Instructions for the task: From the line containing "1547 Liam 1" down to the last line of the listing, quote everything word for word, and nothing else, keeping pictures out.

Data shown:
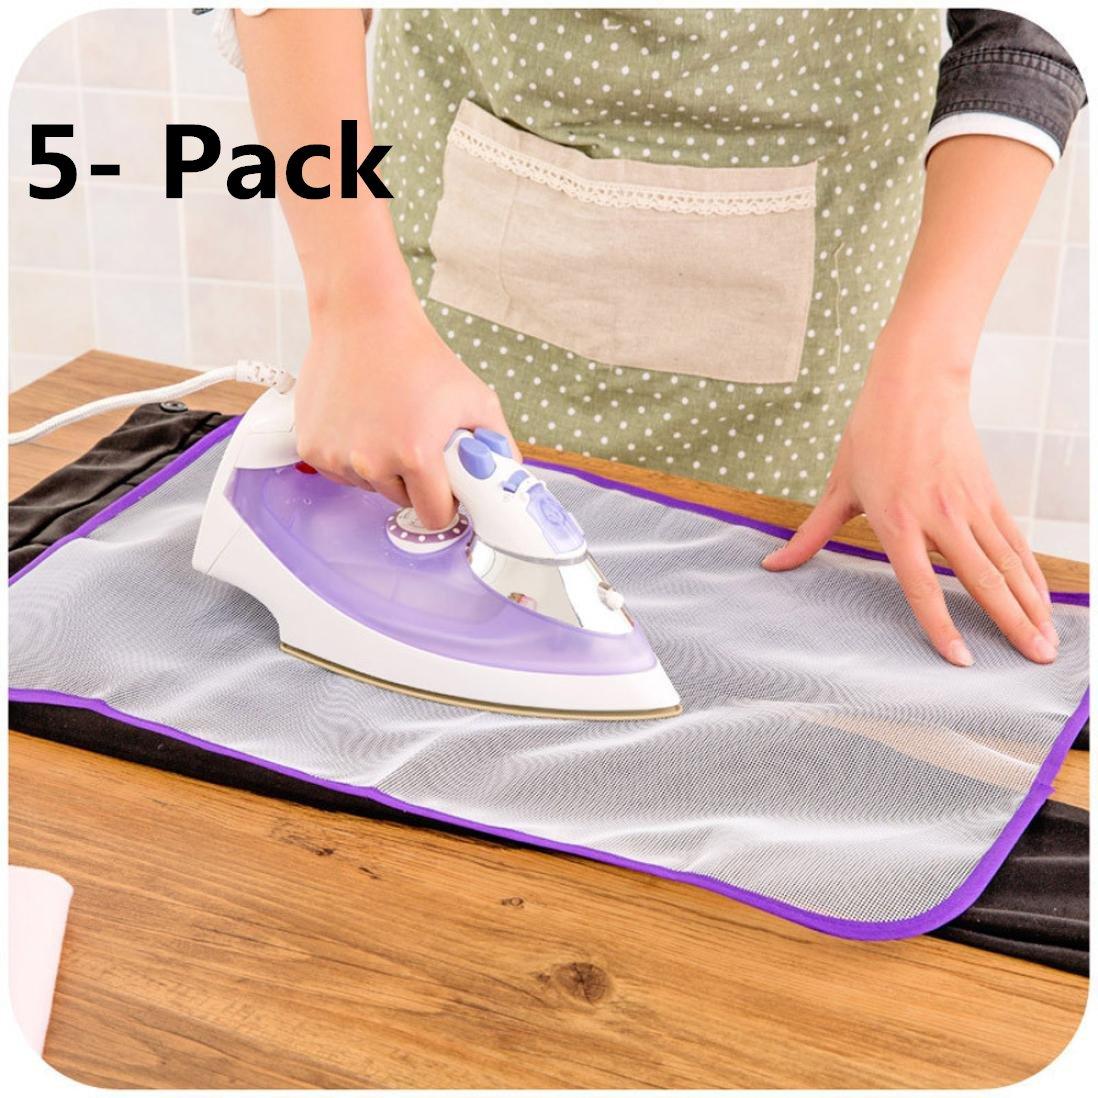 5-Pack Protective Ironing Scorch-Saving Mesh Pressing Pad Mesh Ironing Cloth Coerni
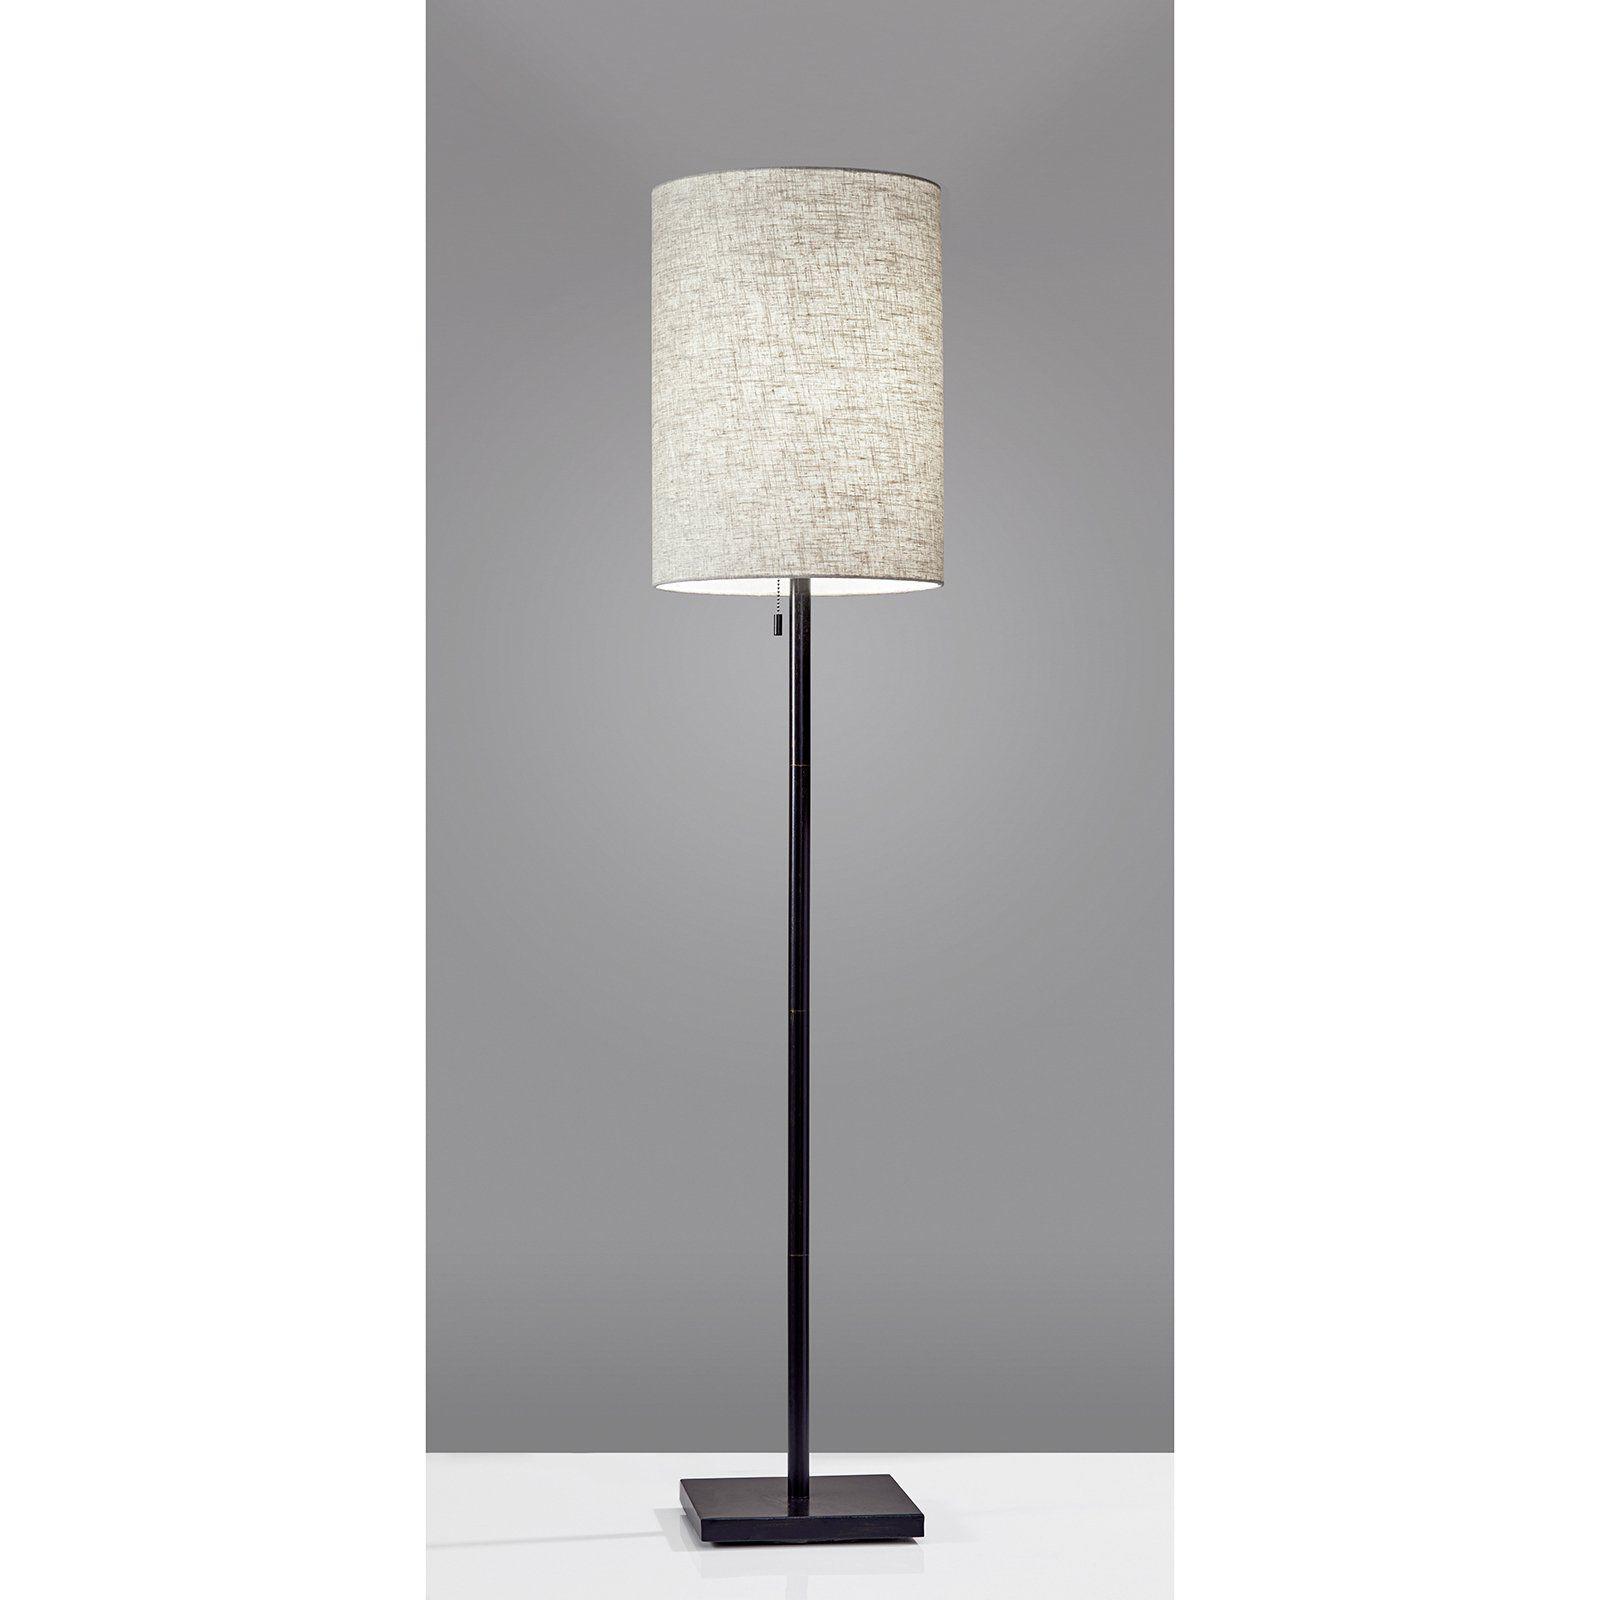 "Adesso 1547 Liam 1 Light 601/2"" Tall Floor Lamp Walmart"
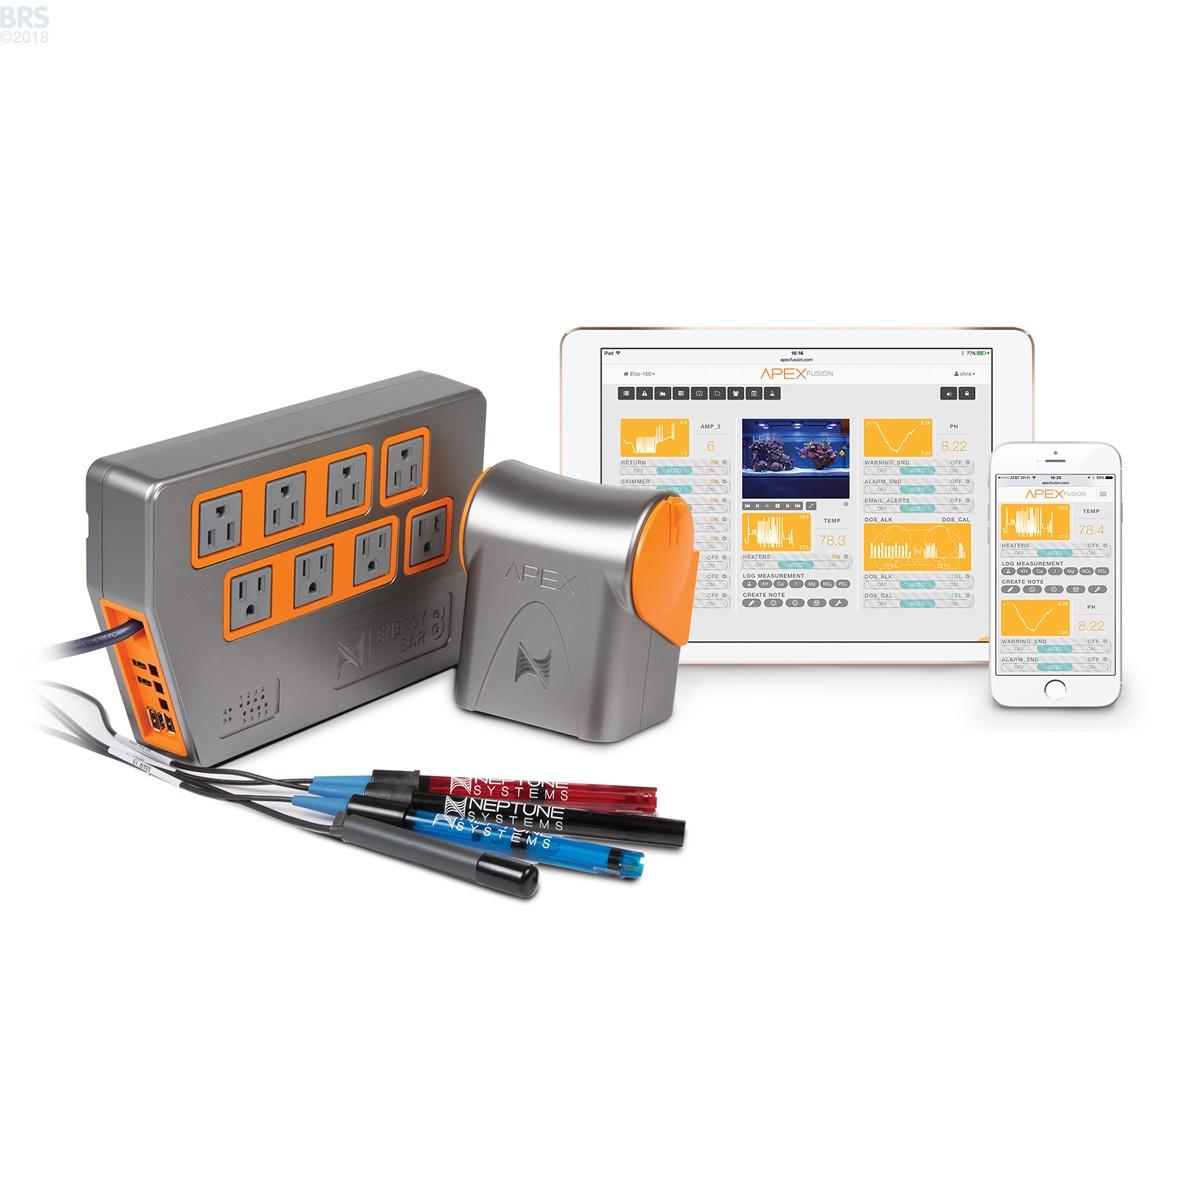 apex controller system neptune systems bulk reef supply rh bulkreefsupply com Neptune Apex Plug Power Neptune Apex Plug Power
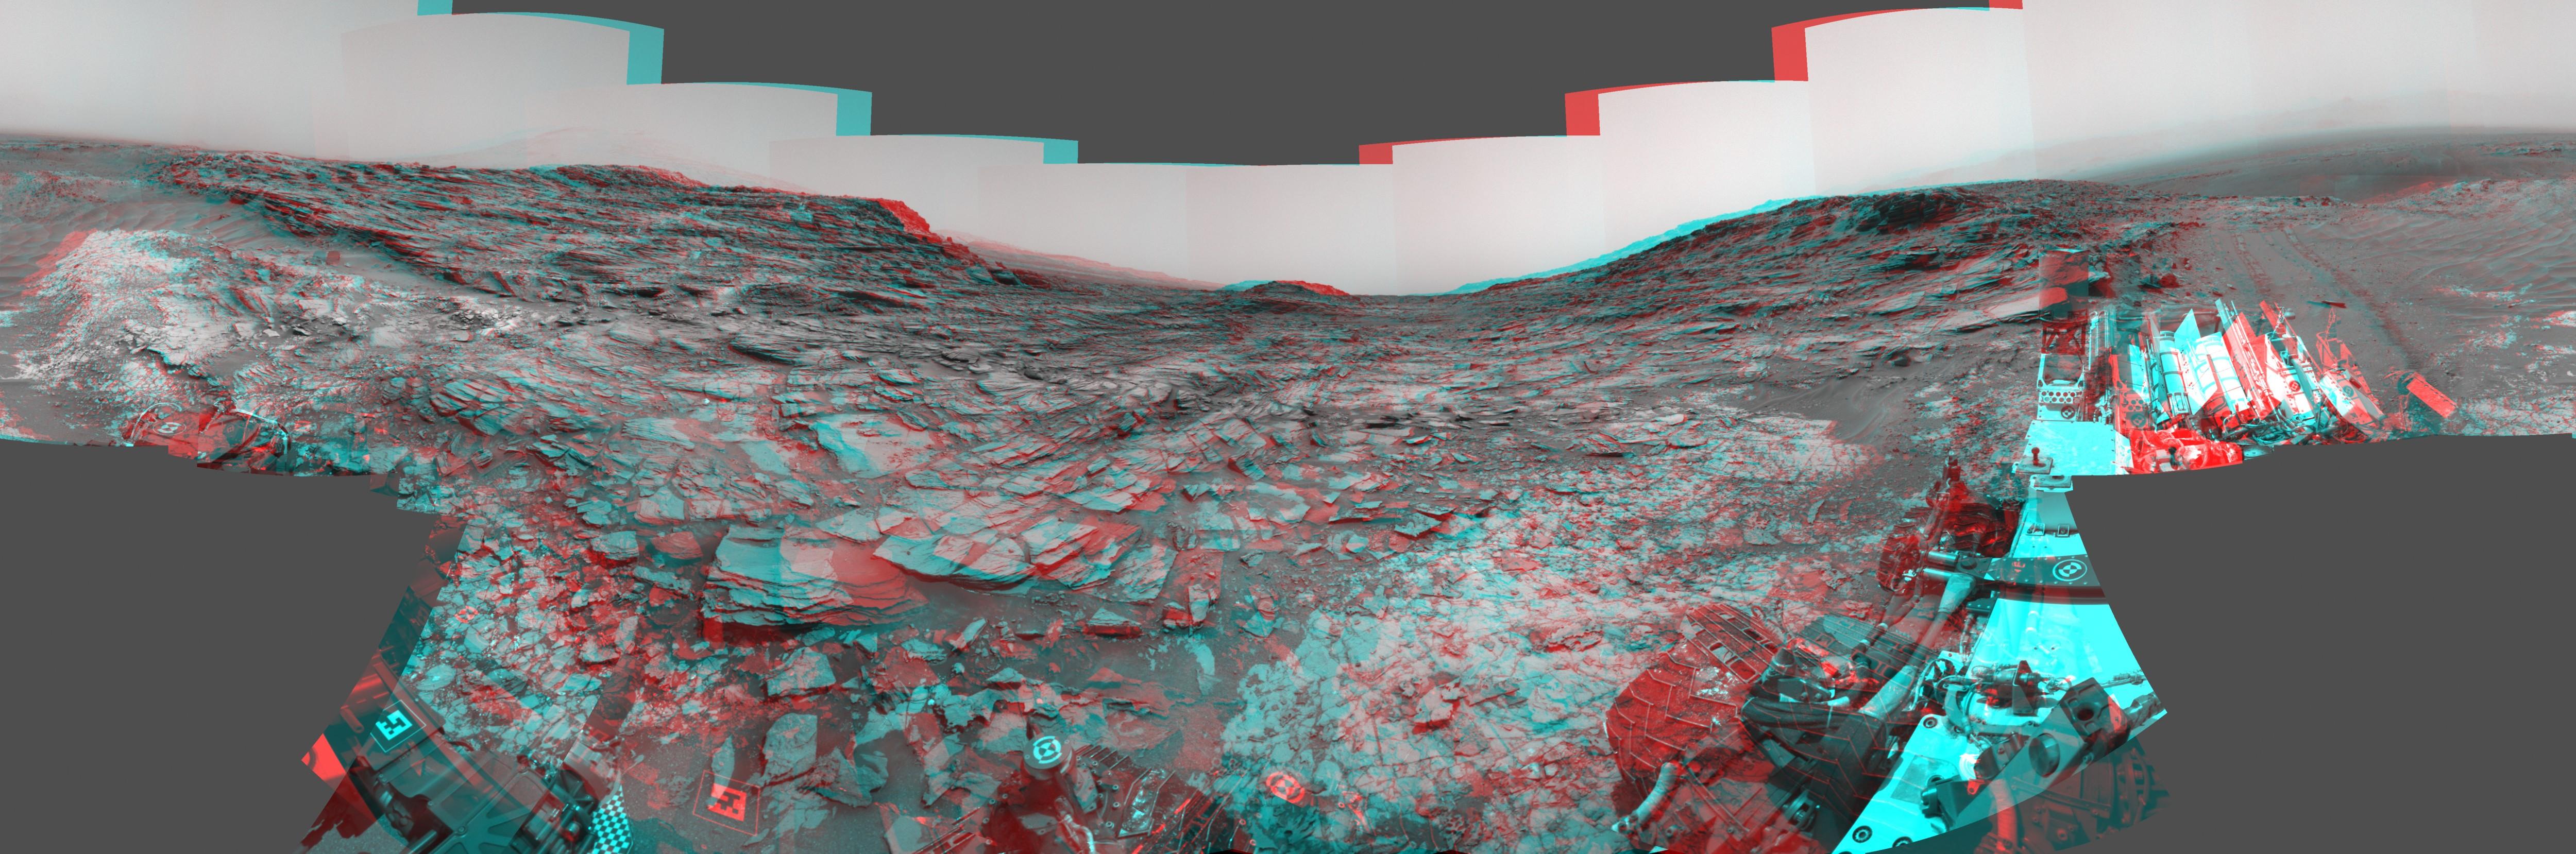 mars-curiosity-rover-msl-navcam-pia19678-full r

Solution to the problem:
 "Adesso 1547 Liam 1 Light 601/2"" Tall Floor Lamp Walmart"
 apex controller system neptune systems bulk reef supply rh bulkreefsupply com Neptune Apex Plug Power Neptune Apex Plug Power
 mars-curiosity-rover-msl-navcam-pia19678-full r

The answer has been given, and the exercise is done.